El Scu-PA se obtuvo por primera vez a partir de la orina y ahora el scu-PA humano se obtiene mediante tecnología de ADN recombinante. Es un derivado de bajo peso molecular que carece de 143 residuos en el extremo amino (rscu-PA32K). En comparación con el Reino Unido, tiene el mismo efecto fibrinolítico sin destruir fg. El modelo de trombosis de la vena yugular del conejo confirmó la relación dosis-efecto entre scu-PA y la fibrinólisis sistémica.

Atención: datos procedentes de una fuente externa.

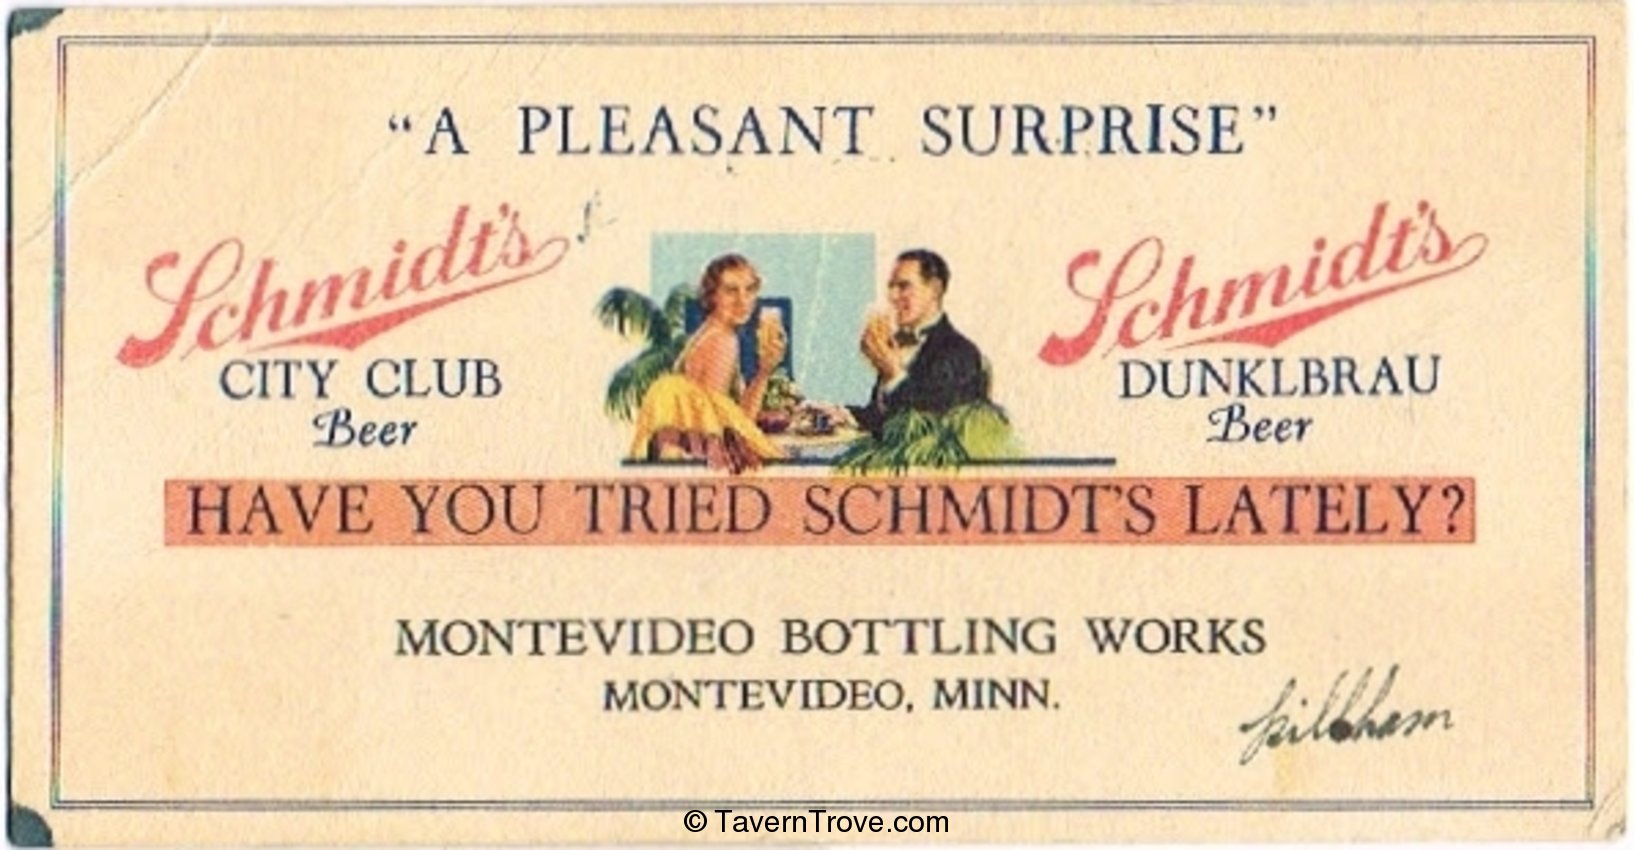 Schmidt's City Club Beer/Dunkelbrau Beer

Algunas personas han construido pA quimérico recombinante, que utiliza diferentes regiones de la cadena pesada de rt-PA y el dominio activo de proteasa de scu-PA para formar varias quimeras. Los modelos de trombosis en animales muestran que el metabolismo de k1 y K2pu (k1 k2 de RT-PA se une a la región pu de scu-PA) se ralentiza en el plasma y la vida media del antígeno relacionado se extiende de 9 minutos a 70 minutos. minutos, pero se mantiene su fibrinólisis. Los niveles de α2aP y fg en sangre se mantuvieron sin cambios.

Glucoquinasa

La glucoquinasa (saK) es una proteína secretada por Staphylococcus aureus y tiene actividad fibrinolítica. Sin embargo, la saK natural es muy tóxica y provoca hemorragias graves.

SaK es un polipéptido monocatenario compuesto por 136 aminoácidos. Consta de dos dominios plegados del mismo tamaño, con un peso molecular de 15kDa y un coeficiente de sedimentación de 1,71S. Se ha descubierto que la saK madura y la saK-Δ10 mutante tienen la misma actividad fibrinolítica hasta que se eliminan 10 aminoácidos. Además, la metionina (met) en la posición 26 es el centro activo de saK. Recientemente, se descubrió que el fragmento de aminoácido amino terminal es extremadamente importante para la activación de pg.

La SaK en sí no actúa como una enzima, sino que se une reversiblemente a pg en una proporción equimolecular de 1:1. Luego, otras pg libres se activan en forma de complejo saK pg. A diferencia del complejo sK pg, el sitio activo de la serina proteasa en PG en el complejo Sak pg está expuesto, convirtiéndose en Sak PG → Sak PM, que es el paso limitante de la velocidad de todo el proceso de fibrinólisis. El propio SaK pm actúa como catalizador y puede acelerar la reacción. El α2aP en la sangre puede combinarse rápidamente con el pm en el complejo, inhibiendo así la fibrinólisis además de la trombosis. Cuando se produce un trombo, el IBS en pg(pm) en el complejo saK pg(pm) puede unirse rápidamente a la fn que constituye el trombo, impidiendo la unión de α2aP al complejo. Una gran cantidad de pg libre alrededor del trombo se activa en pm, lo que finalmente disuelve el trombo. Los experimentos in vitro muestran que si se disuelve el 50% del trombo, el nivel de pg en la sangre solo disminuirá un 5%. Por lo tanto, saK tiene una fuerte especificidad por fn y no afecta los niveles de fg durante la estimulación de la fibrinólisis.

Además, al ser una proteína de molécula pequeña, tiene una gran capacidad para penetrar los trombos. Tiene buena estabilidad sanguínea y un tiempo de acción prolongado. En la actualidad, el gen saK ha sido clonado a partir de los fagos saKφc y saK42D y expresado en E. coli mediante tecnología recombinante, consiguiéndose una producción a gran escala.

SaK tiene una antigenicidad evidente.

Recientemente, se usó ala para reemplazar de 2 a 3 aminoácidos cargados en el epítopo saK para obtener un mutante saK (saKSTAR m38) para reducir su inmunogenicidad.